* **Exercise data**
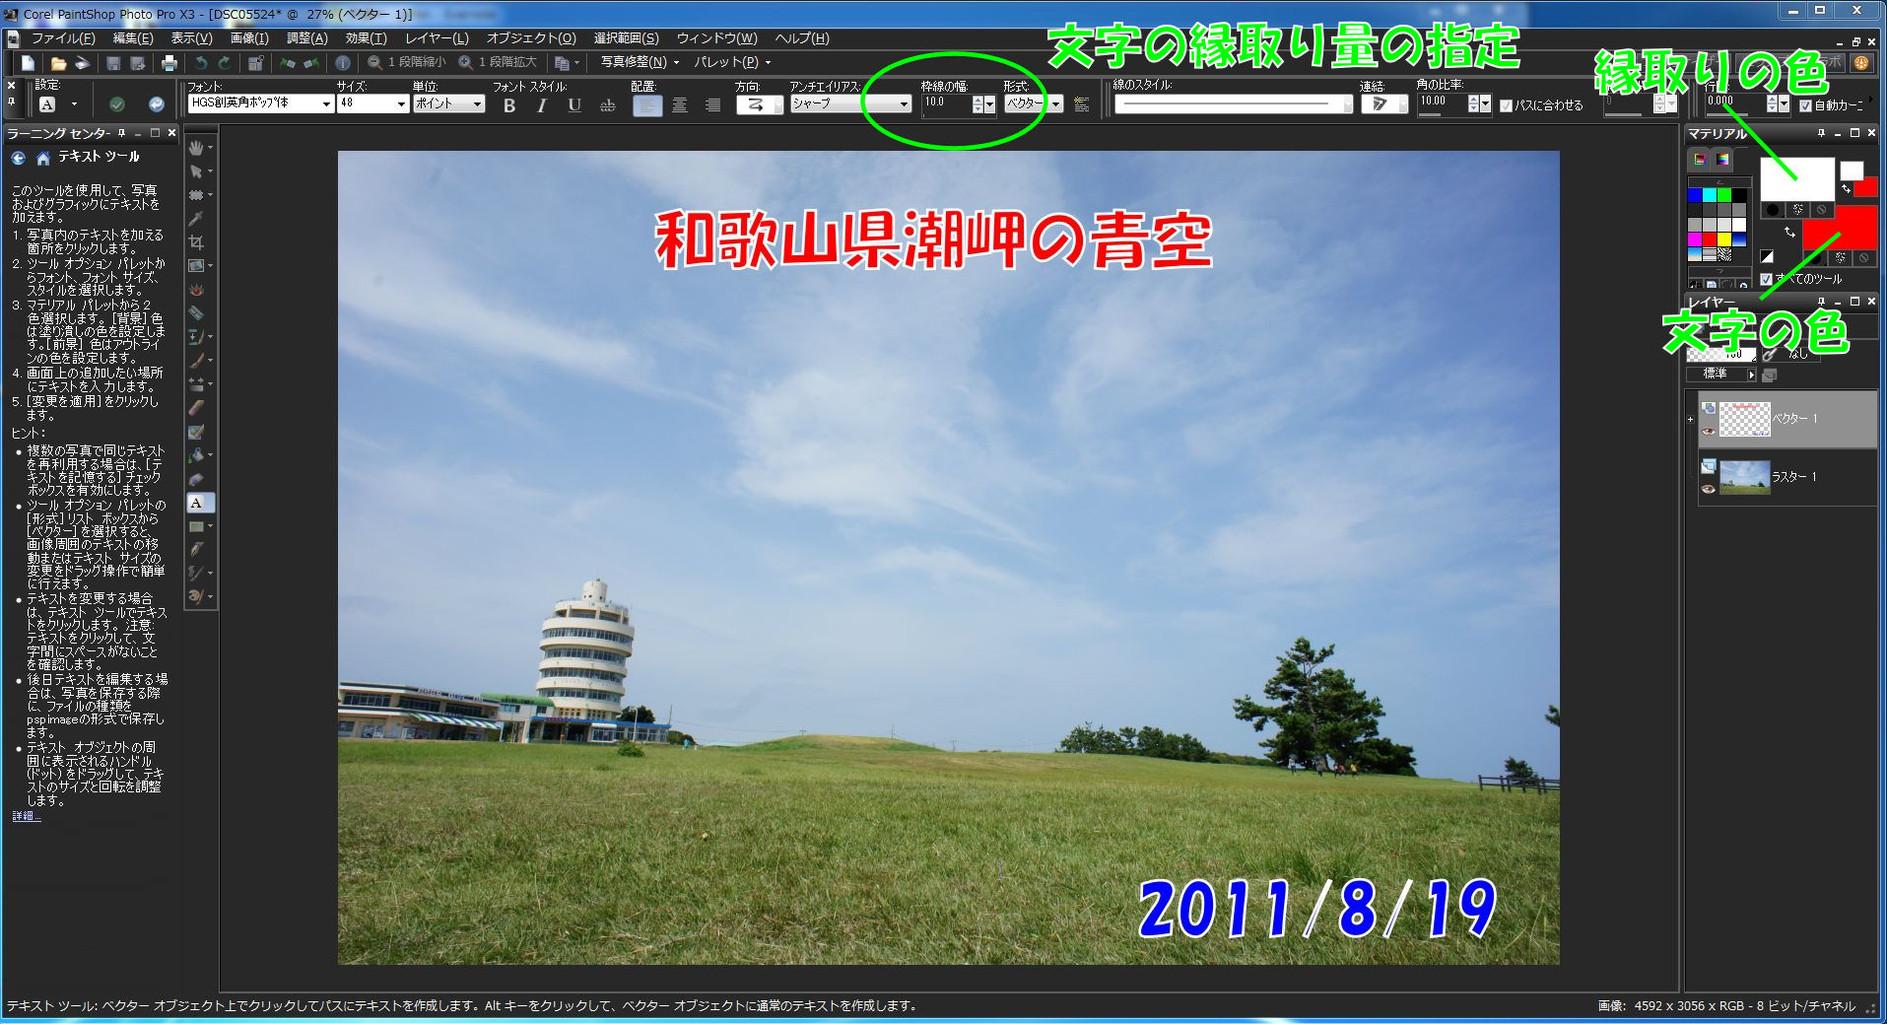 corel videostudio pro x3 keygen by kaizer soze core
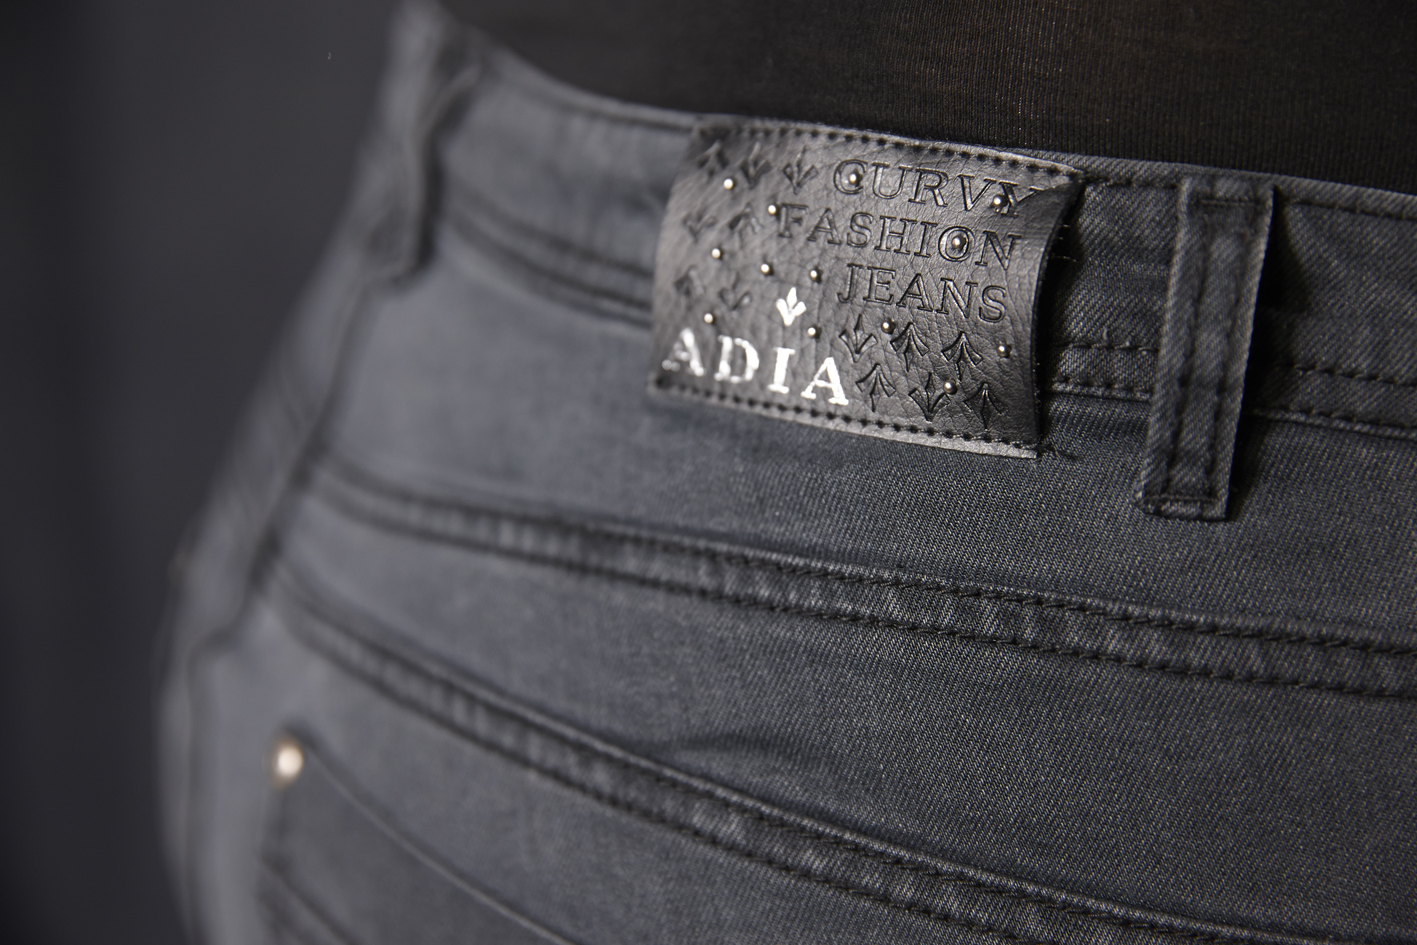 Adia - jeans
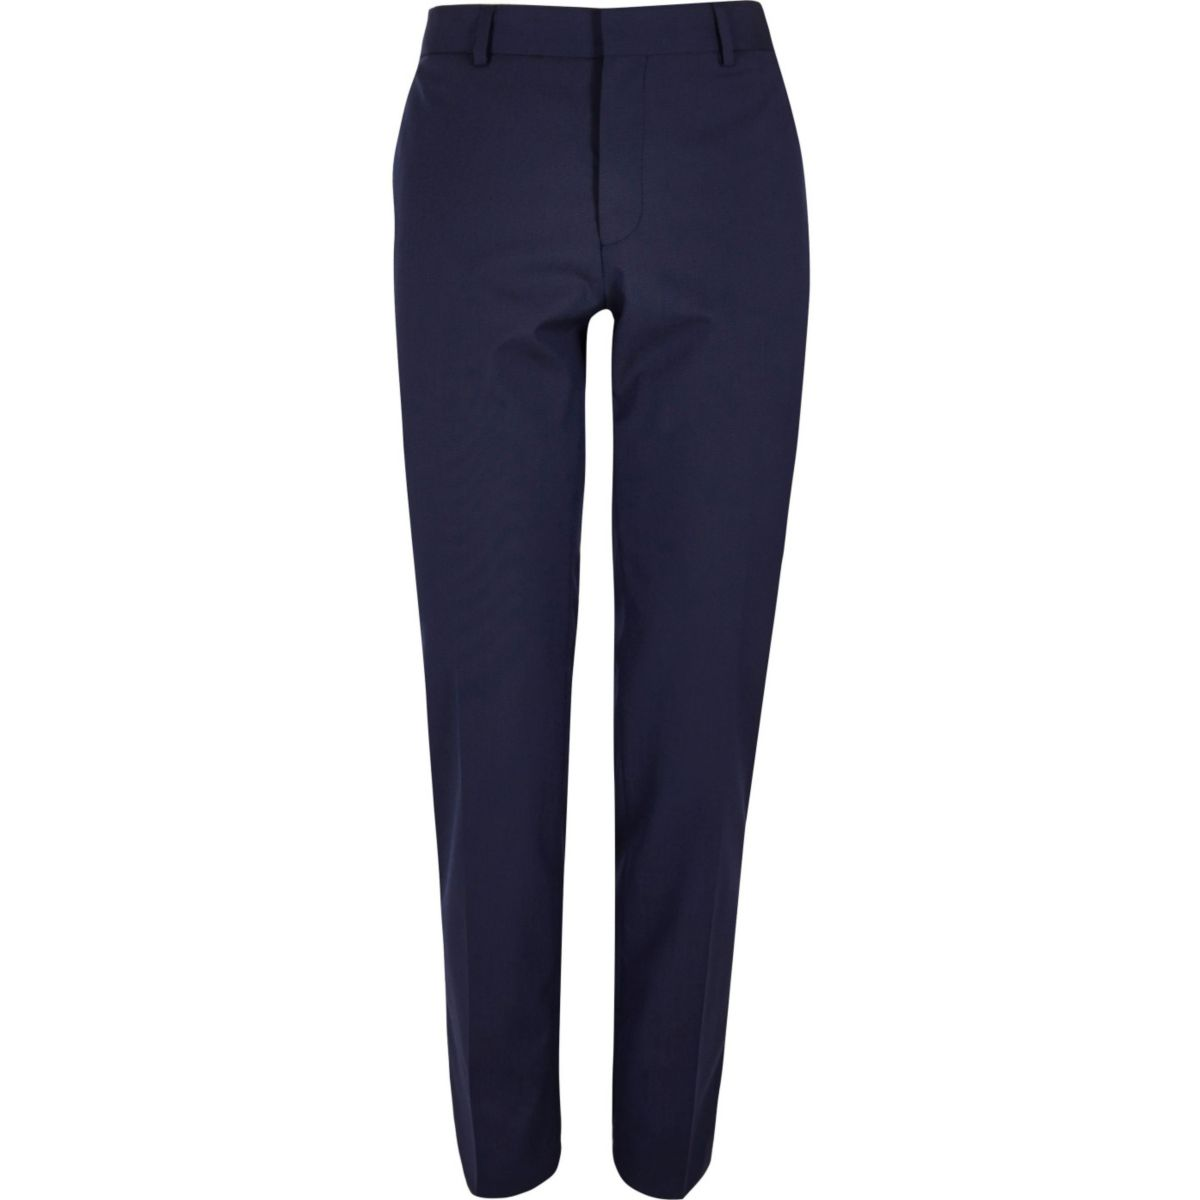 Dark blue skinny fit suit trousers

* **Goal of the exercise**
Working from the listing above, retype it exactly but include no images.

* **Exercise answer**
 corel videostudio pro x3 keygen by kaizer soze core
 Adia - jeans
 Dark blue skinny fit suit trousers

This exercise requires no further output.